Compiled by Sahar Yaghoubi

In a groundbreaking development, Google DeepMind has harnessed the power of large language models to crack a famous unsolved problem in pure mathematics. Published in the prestigious journal Nature, the researchers’ work showcases the untapped potential of these models to uncover new scientific insights and drive discoveries that were previously unattainable.

The problem in question is the cap set problem, a long-standing puzzle in mathematics that has confounded researchers for decades. The challenge involves finding the largest size of a specific type of set without three elements ever forming a straight line when plotted on a graph. While seemingly niche, the problem holds significant importance and has been described as a “favorite open question” by renowned mathematician Terence Tao.

DeepMind’s achievement lies in the development of FunSearch, a novel tool that combines a large language model called Codey with algorithms that reject incorrect or nonsensical answers and refine the model’s suggestions. By iteratively providing Codey with feedback and allowing it to refine its outputs, FunSearch was able to produce verifiable and valuable new information that did not previously exist – a remarkable feat for a large language model, which has traditionally been associated with generating plausible but factually incorrect outputs.

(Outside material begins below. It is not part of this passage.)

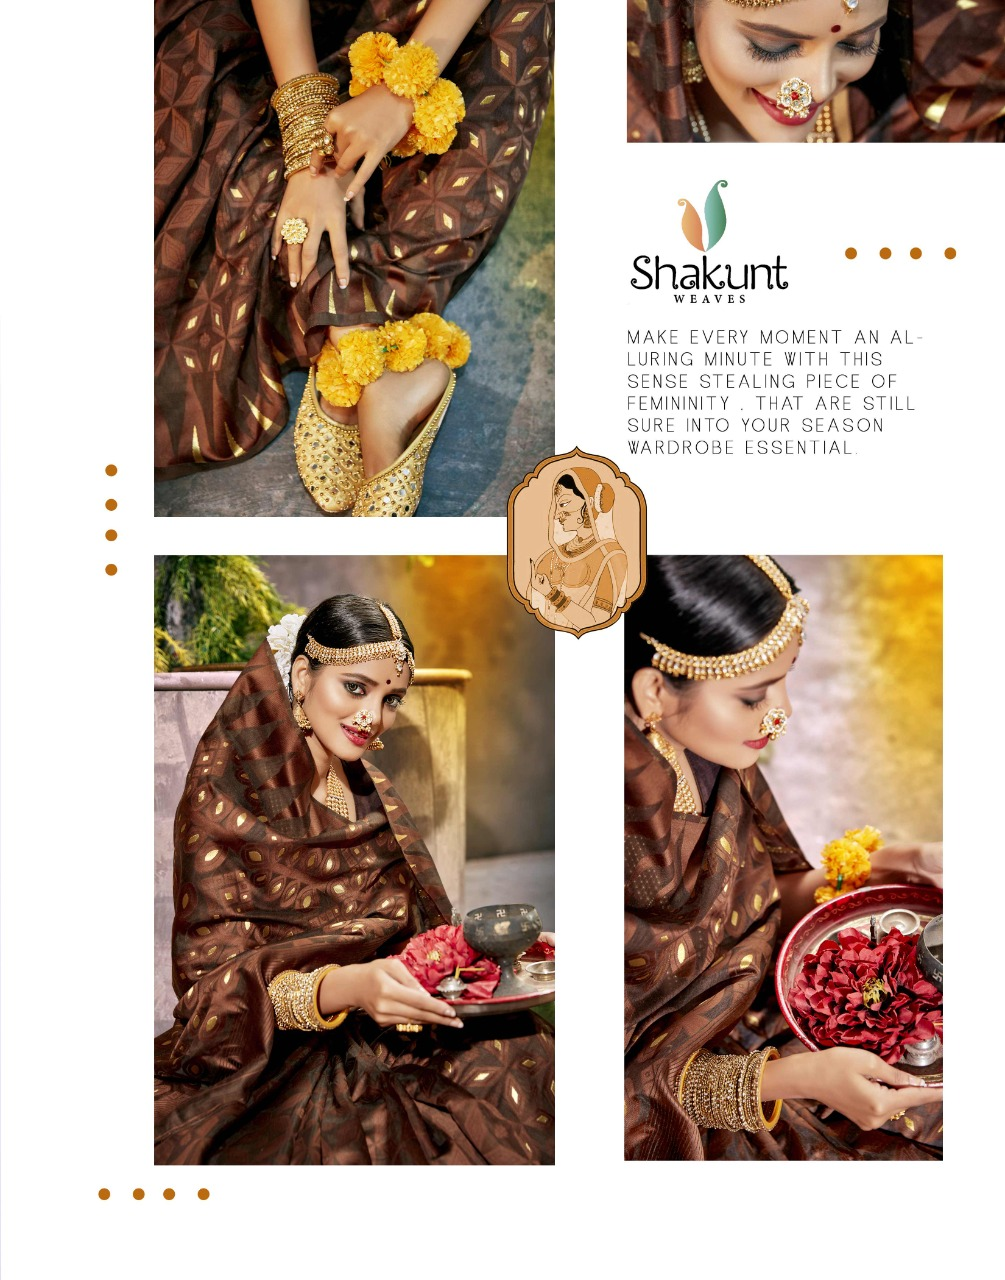 Shakunt Lokpriya Cotton Weaving Printed Sarees Wholesale

The implications of this breakthrough extend far beyond the cap set problem itself. FunSearch’s ability to generate code as a “recipe” for solving problems means it can potentially be applied to a wide range of mathematical and computational challenges. In fact, the researchers have already demonstrated its versatility by using it to tackle the bin packing problem, a critical optimization issue in computer science, and obtaining faster solutions than those devised by humans.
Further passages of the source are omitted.